---------- Materials provided

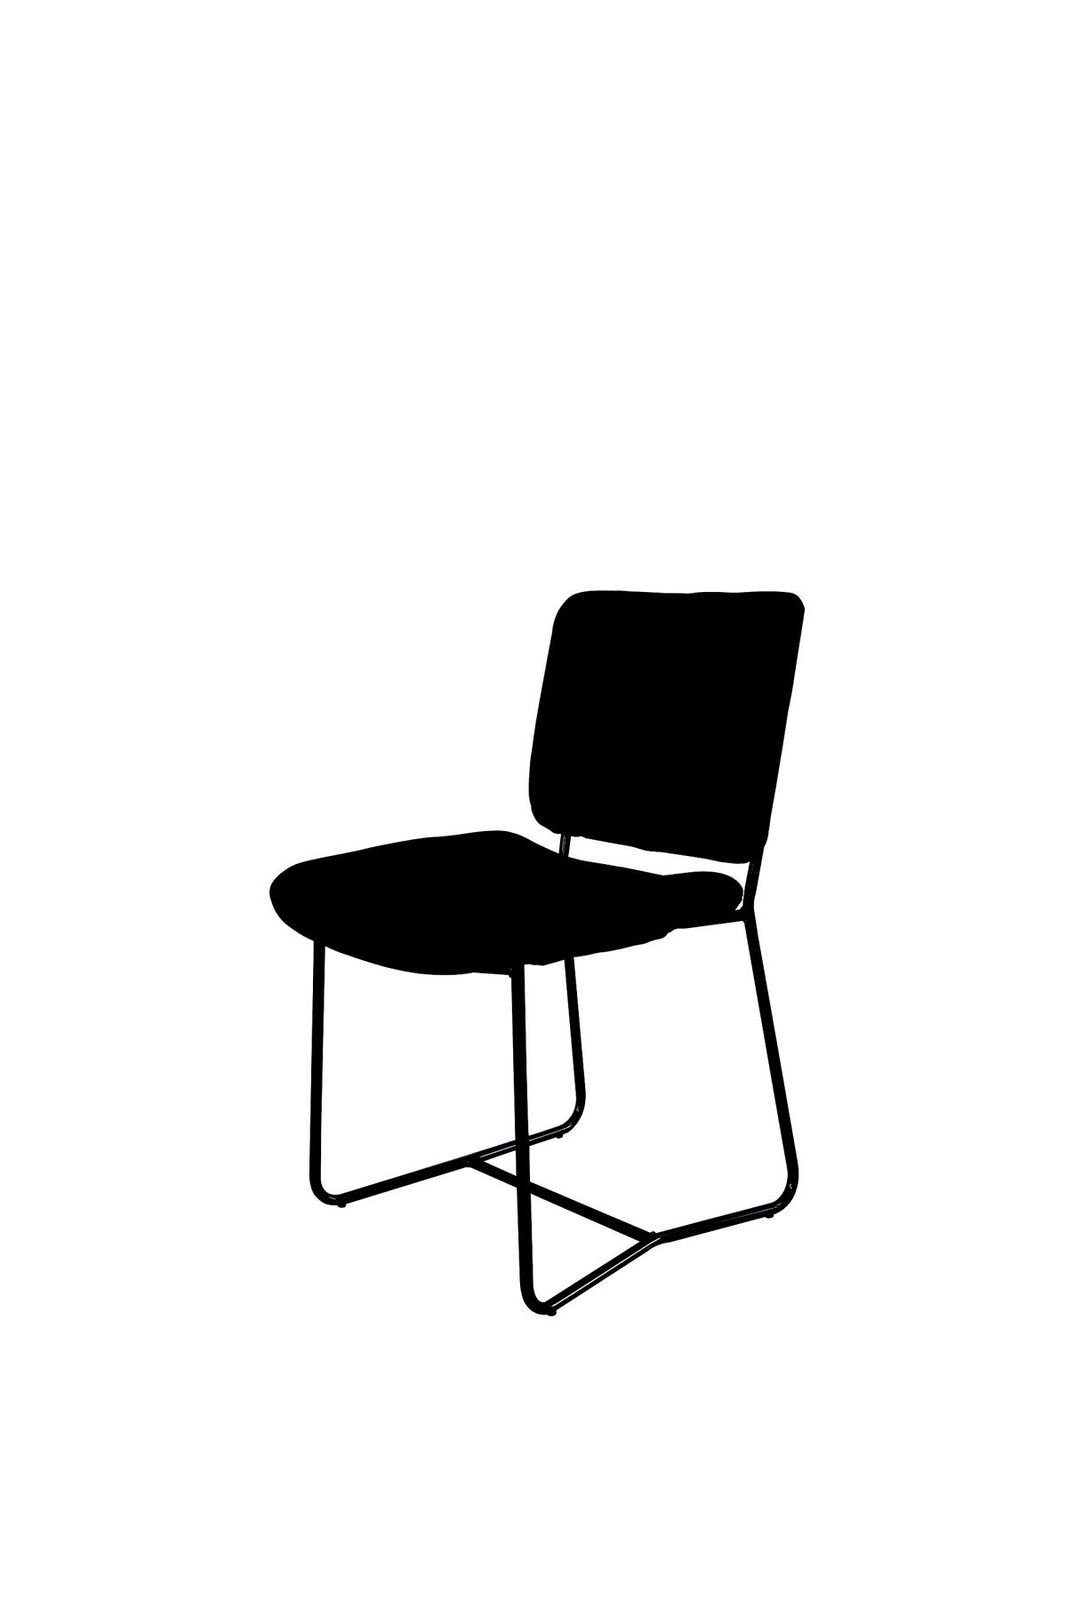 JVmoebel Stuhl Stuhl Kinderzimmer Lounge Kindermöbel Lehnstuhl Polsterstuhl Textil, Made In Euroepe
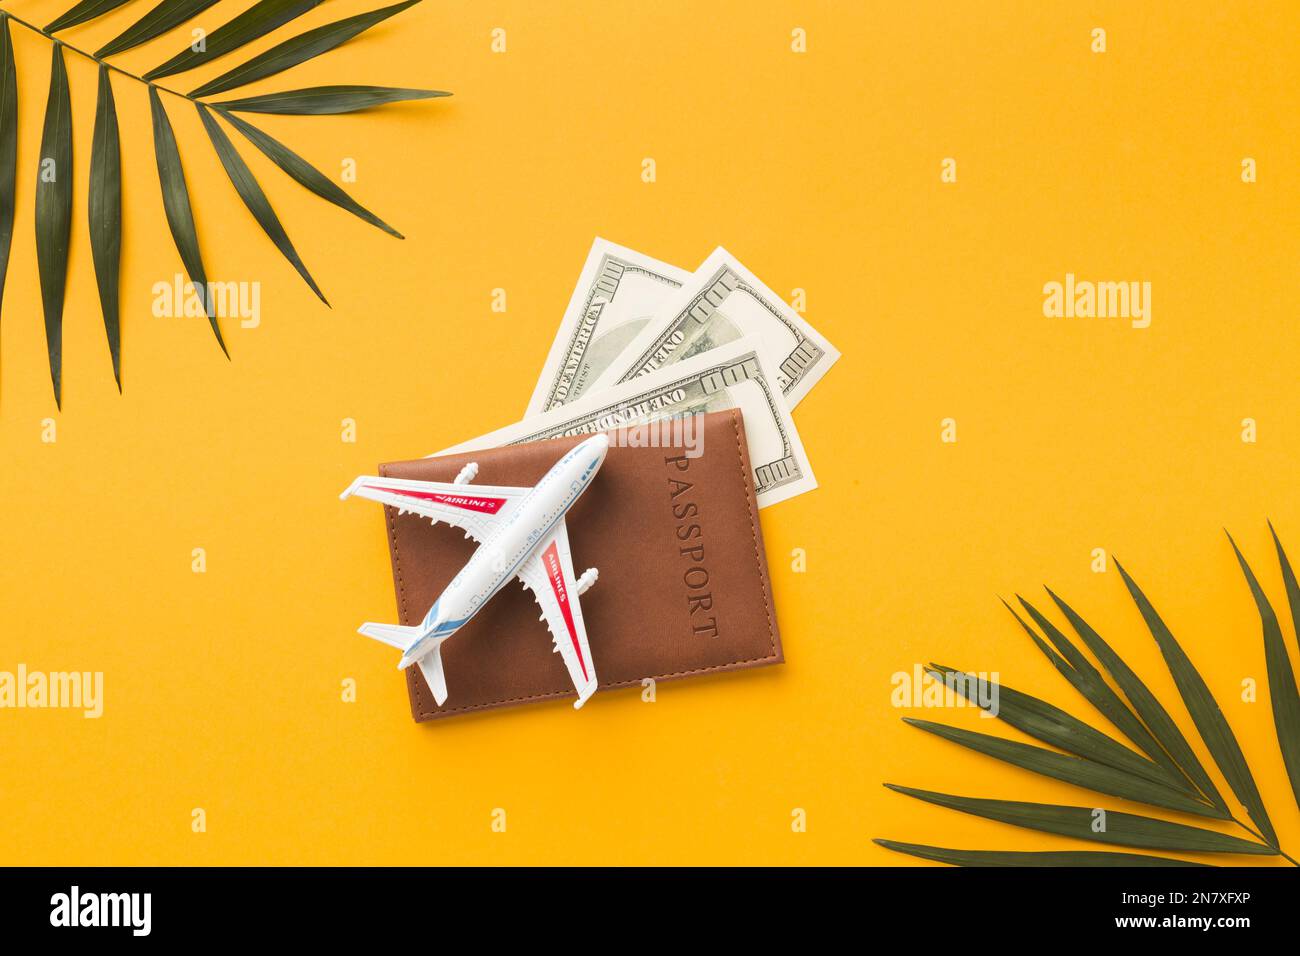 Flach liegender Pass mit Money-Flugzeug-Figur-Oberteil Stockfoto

--------------------
---------- Materials provided

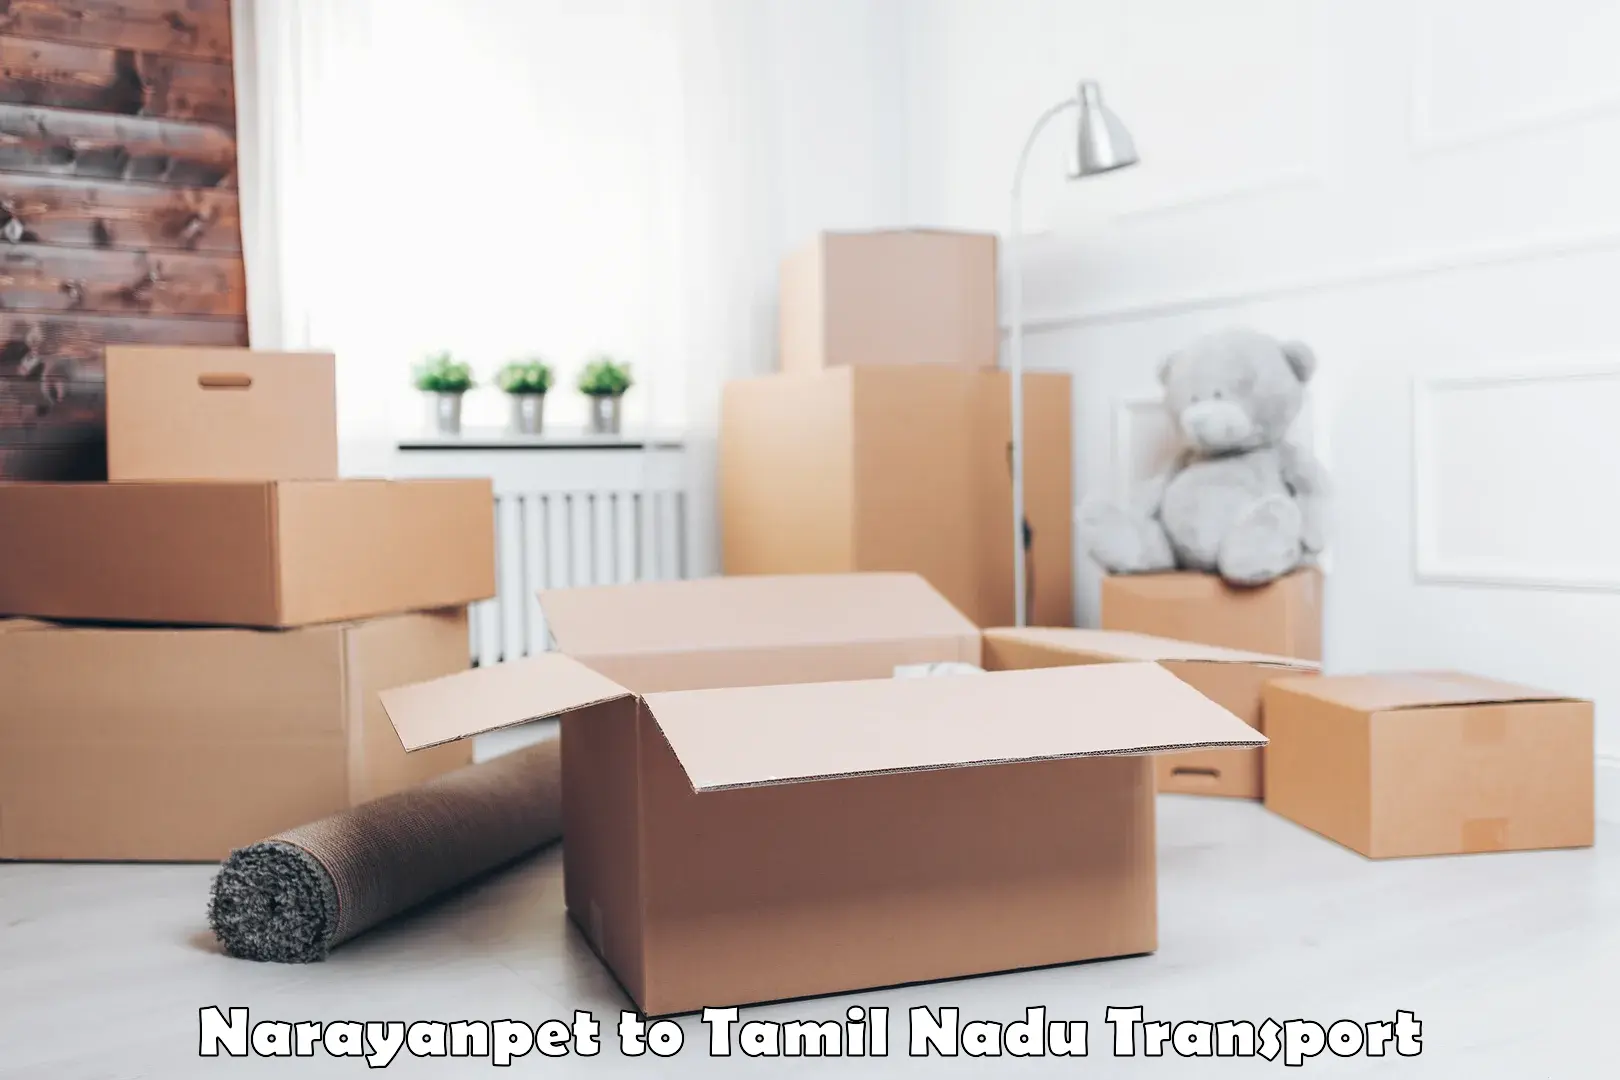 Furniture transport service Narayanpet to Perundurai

--------------------

| Prompt |
From the records above, quote word for word only the lines beginning at the line that has "JVmoebel Stuhl Stuhl" and stopping after the line that has "Flach liegender Pass". Omit the pictures.

| Exercise answer |
 JVmoebel Stuhl Stuhl Kinderzimmer Lounge Kindermöbel Lehnstuhl Polsterstuhl Textil, Made In Euroepe
 Flach liegender Pass mit Money-Flugzeug-Figur-Oberteil Stockfoto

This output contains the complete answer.